=== YOUR GOAL ===
In the material below, pictures must be dropped. Repeat exactly, and only, the lines from the line with "H is for Hippo." to the line with "Did you miss", both ends included.

=== SOURCE MATERIAL ===
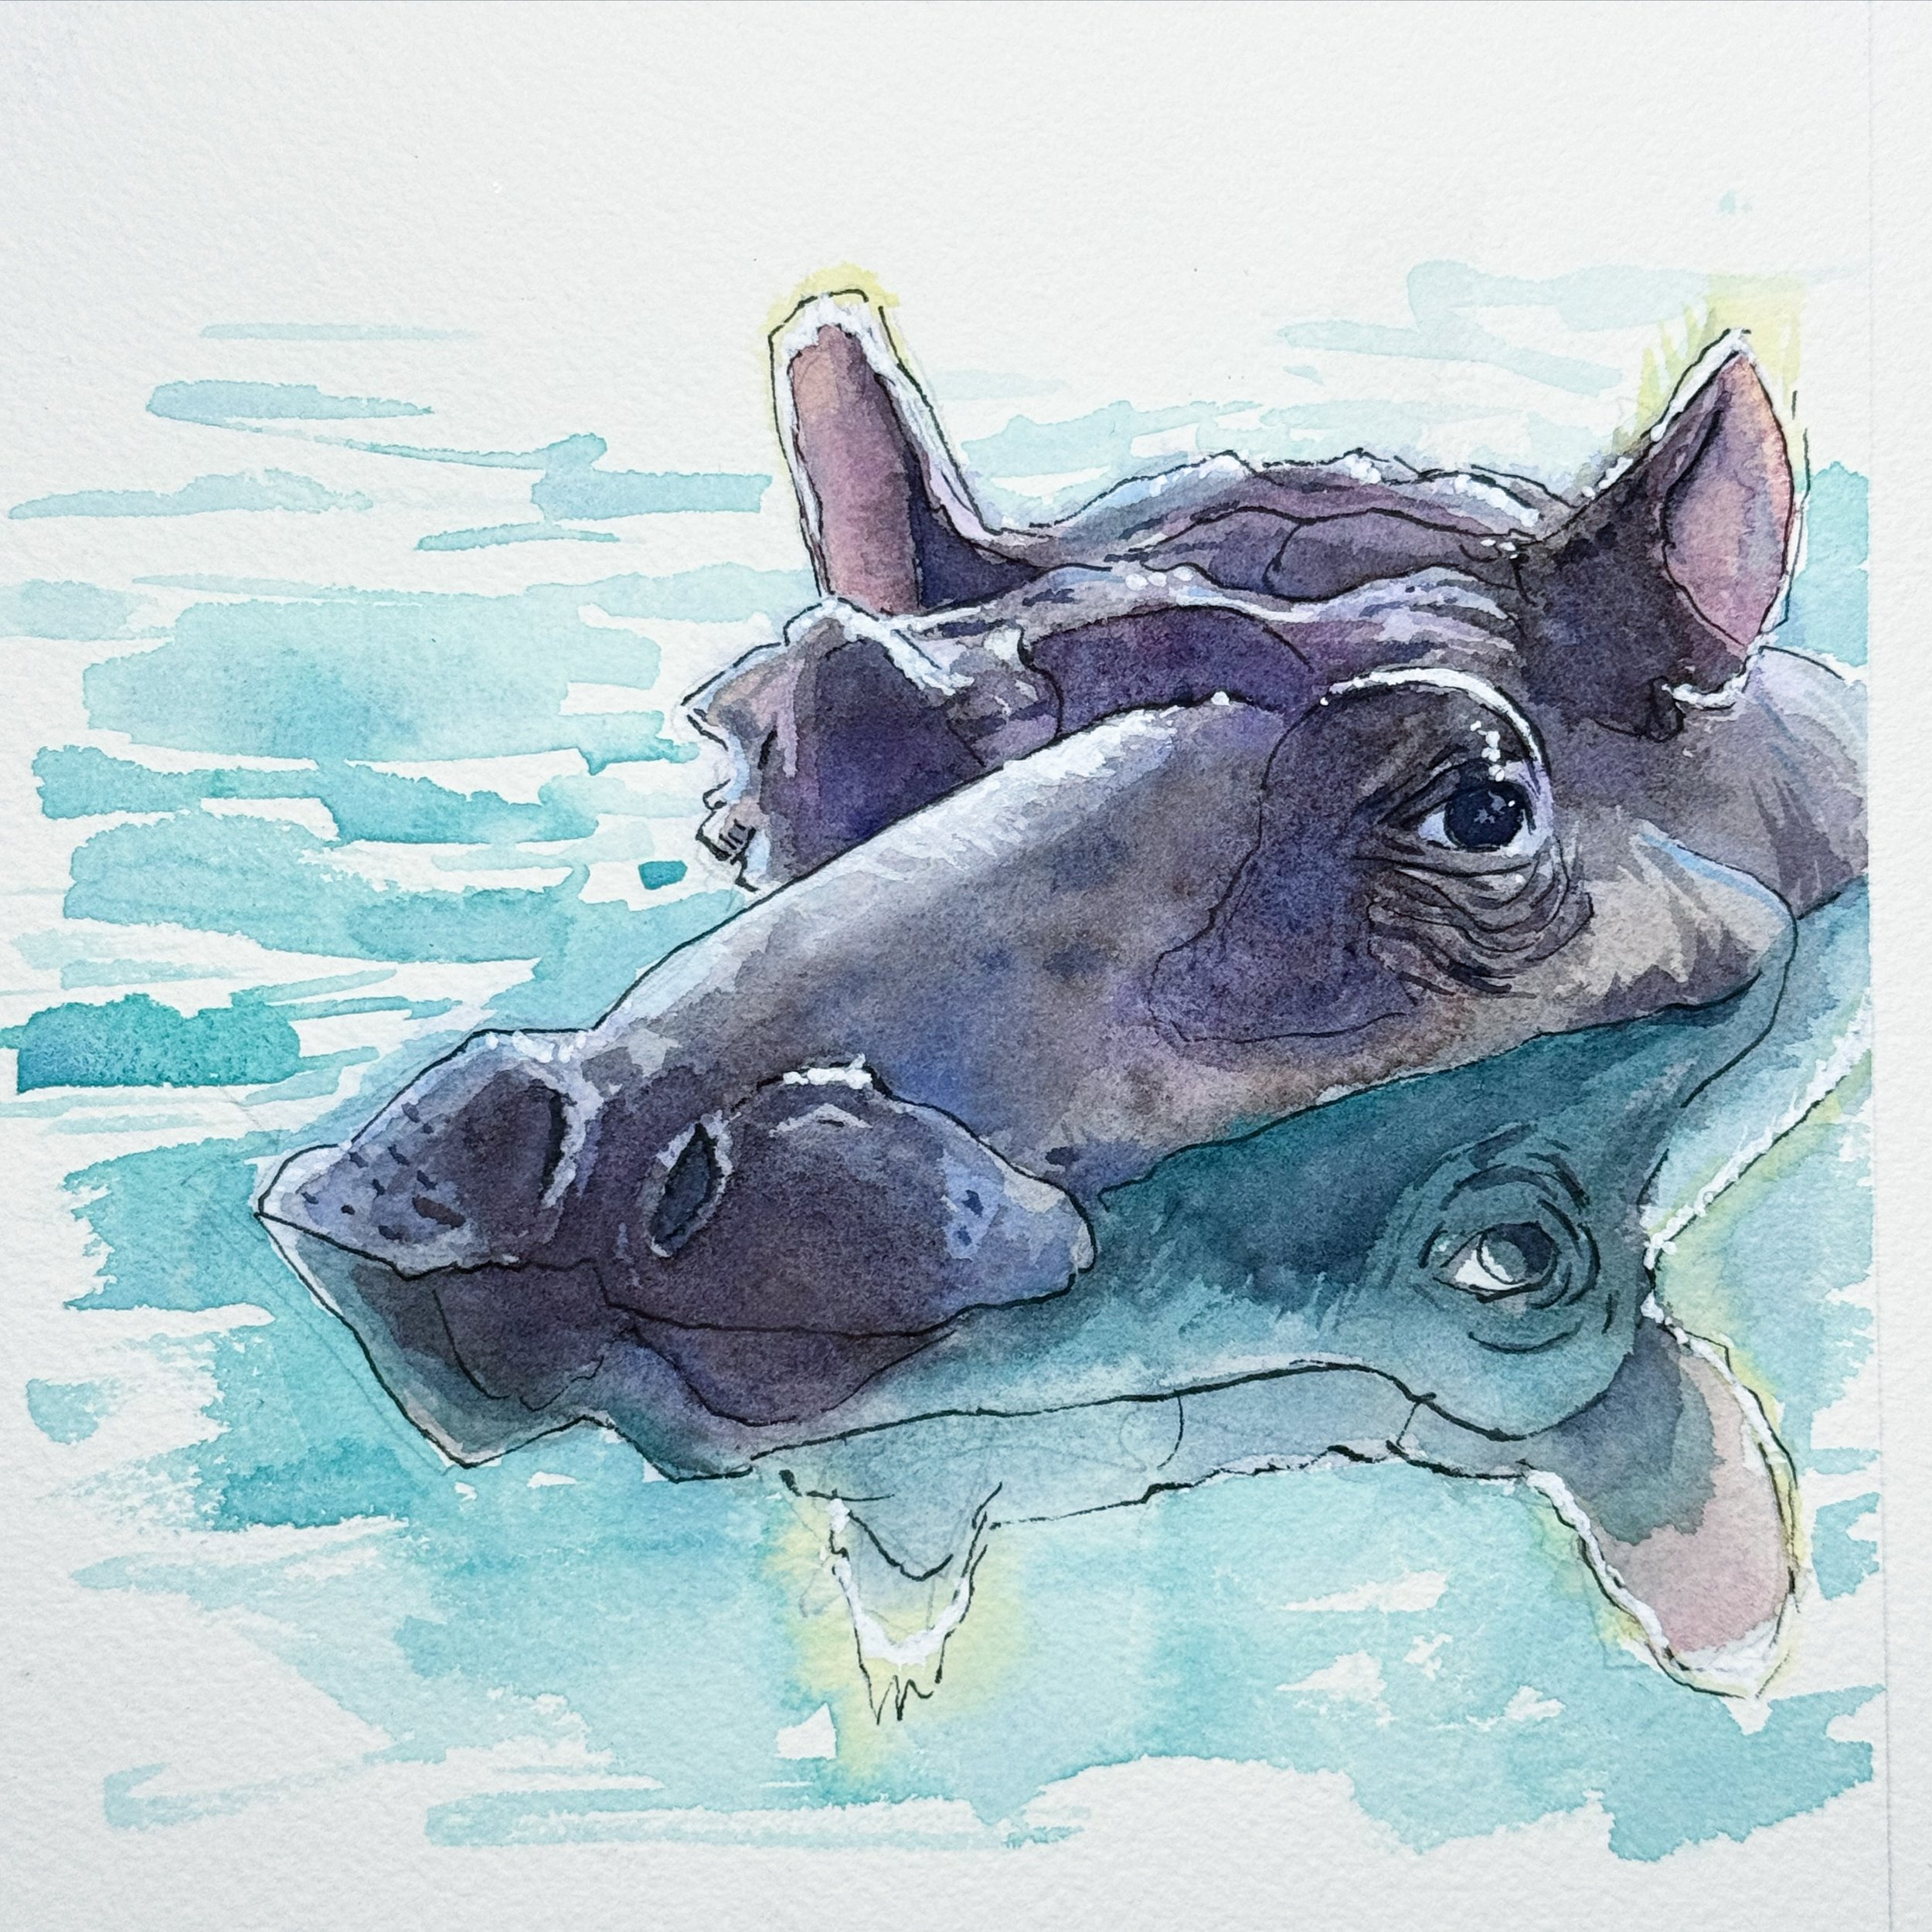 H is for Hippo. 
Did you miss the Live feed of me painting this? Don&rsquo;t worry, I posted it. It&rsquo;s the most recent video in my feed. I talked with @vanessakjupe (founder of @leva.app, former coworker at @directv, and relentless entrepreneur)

--

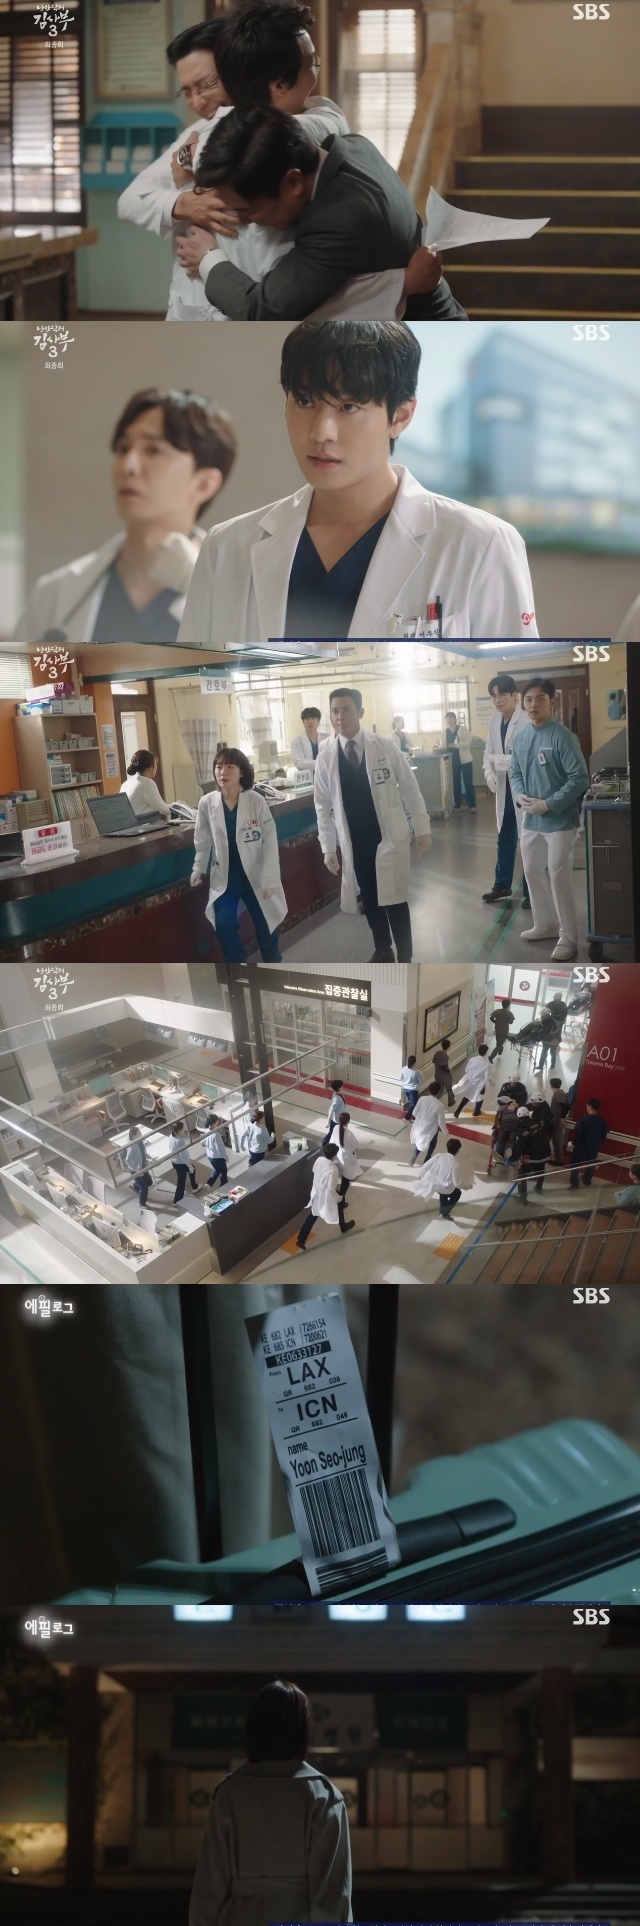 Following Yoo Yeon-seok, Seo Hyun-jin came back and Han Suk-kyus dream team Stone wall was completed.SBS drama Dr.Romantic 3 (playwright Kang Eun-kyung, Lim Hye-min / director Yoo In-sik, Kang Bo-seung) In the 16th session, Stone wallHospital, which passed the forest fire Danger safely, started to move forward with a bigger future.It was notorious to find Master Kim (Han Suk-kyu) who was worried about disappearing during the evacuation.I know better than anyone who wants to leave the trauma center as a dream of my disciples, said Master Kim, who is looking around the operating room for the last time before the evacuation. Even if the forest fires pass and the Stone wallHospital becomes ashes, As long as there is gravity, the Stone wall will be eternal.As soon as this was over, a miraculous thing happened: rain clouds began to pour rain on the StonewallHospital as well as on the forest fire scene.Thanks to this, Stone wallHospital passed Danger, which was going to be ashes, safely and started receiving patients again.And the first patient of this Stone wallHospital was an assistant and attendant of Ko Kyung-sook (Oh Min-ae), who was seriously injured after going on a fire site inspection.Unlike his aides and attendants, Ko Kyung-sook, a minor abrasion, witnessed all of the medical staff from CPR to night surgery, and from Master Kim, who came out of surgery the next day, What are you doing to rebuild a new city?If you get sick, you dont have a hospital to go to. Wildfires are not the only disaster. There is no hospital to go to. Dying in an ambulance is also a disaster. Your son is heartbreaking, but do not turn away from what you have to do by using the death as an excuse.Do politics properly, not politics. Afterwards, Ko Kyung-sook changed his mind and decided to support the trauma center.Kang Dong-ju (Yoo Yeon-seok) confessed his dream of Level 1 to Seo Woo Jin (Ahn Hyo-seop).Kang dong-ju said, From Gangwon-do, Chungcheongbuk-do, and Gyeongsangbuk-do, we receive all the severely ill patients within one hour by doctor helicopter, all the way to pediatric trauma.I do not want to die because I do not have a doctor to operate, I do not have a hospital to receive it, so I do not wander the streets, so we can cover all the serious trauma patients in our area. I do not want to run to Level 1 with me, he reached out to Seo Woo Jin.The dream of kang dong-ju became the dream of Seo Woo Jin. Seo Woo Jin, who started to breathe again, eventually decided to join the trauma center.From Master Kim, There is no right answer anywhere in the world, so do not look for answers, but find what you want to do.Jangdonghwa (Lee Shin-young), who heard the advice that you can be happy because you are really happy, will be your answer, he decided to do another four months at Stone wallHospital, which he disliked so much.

==

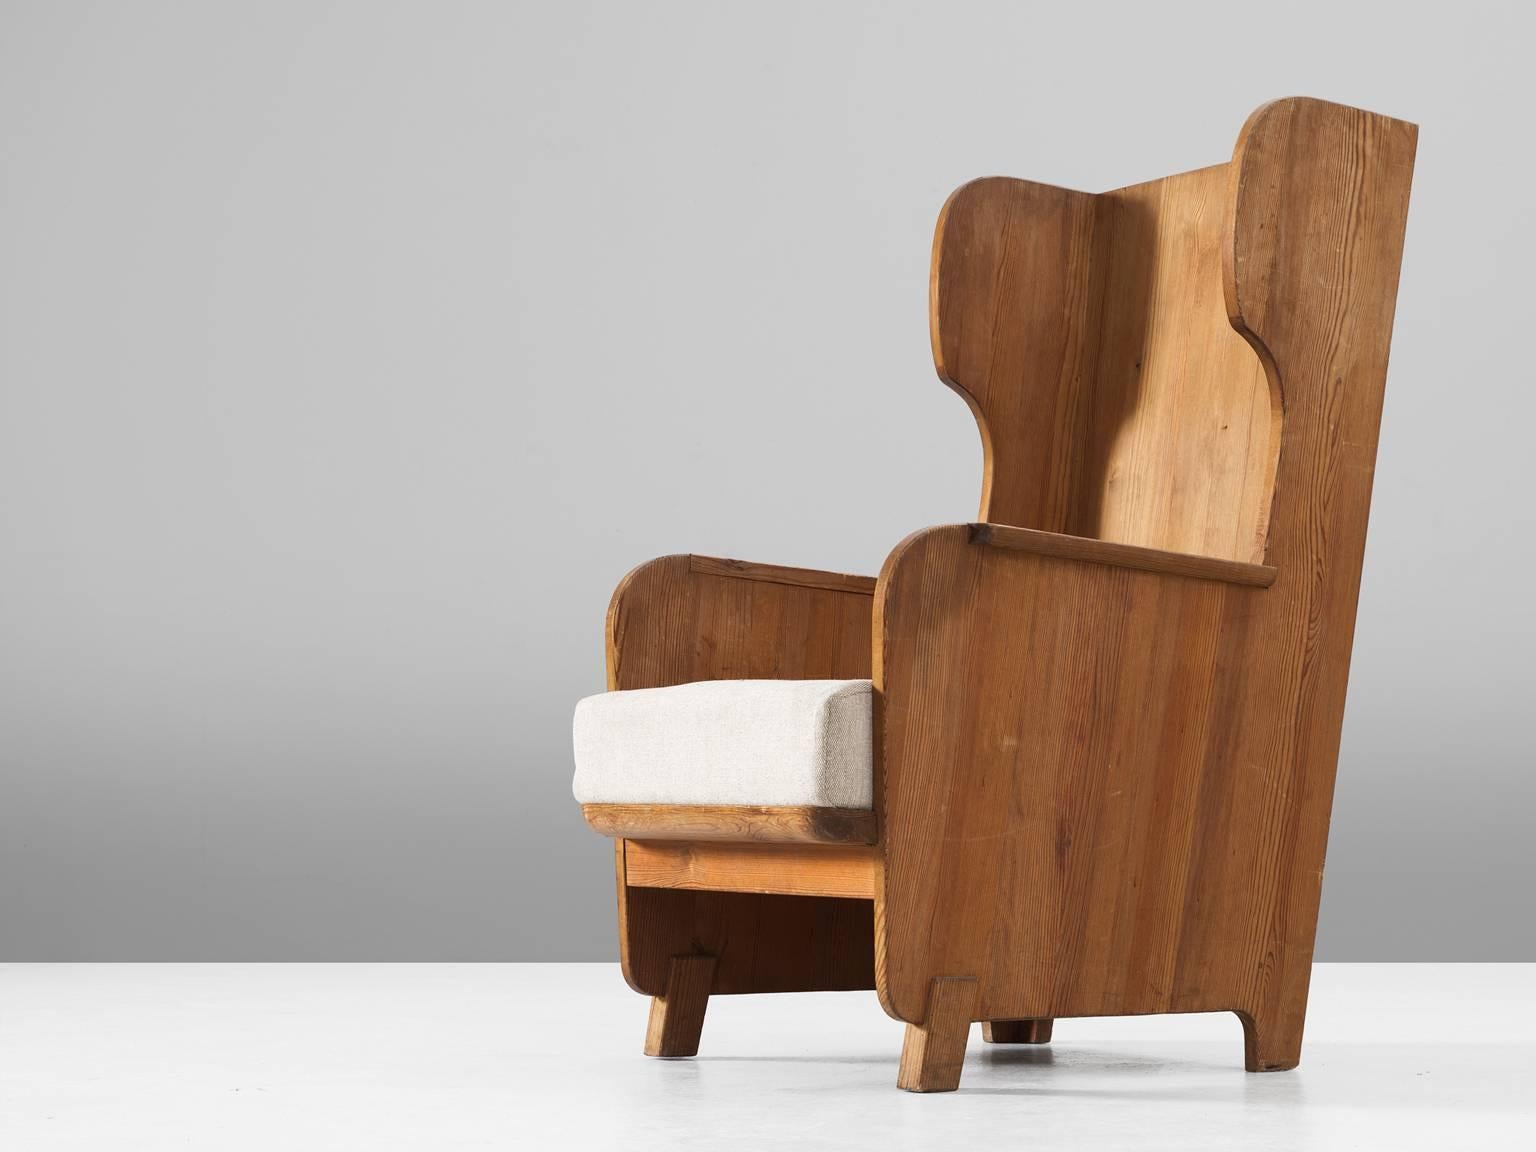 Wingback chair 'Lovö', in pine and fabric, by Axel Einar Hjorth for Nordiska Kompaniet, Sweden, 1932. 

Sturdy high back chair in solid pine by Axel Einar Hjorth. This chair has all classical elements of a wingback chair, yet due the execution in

=== REPLY ===
 H is for Hippo. 
Did you miss the Live feed of me painting this? Don&rsquo;t worry, I posted it. It&rsquo;s the most recent video in my feed. I talked with @vanessakjupe (founder of @leva.app, former coworker at @directv, and relentless entrepreneur)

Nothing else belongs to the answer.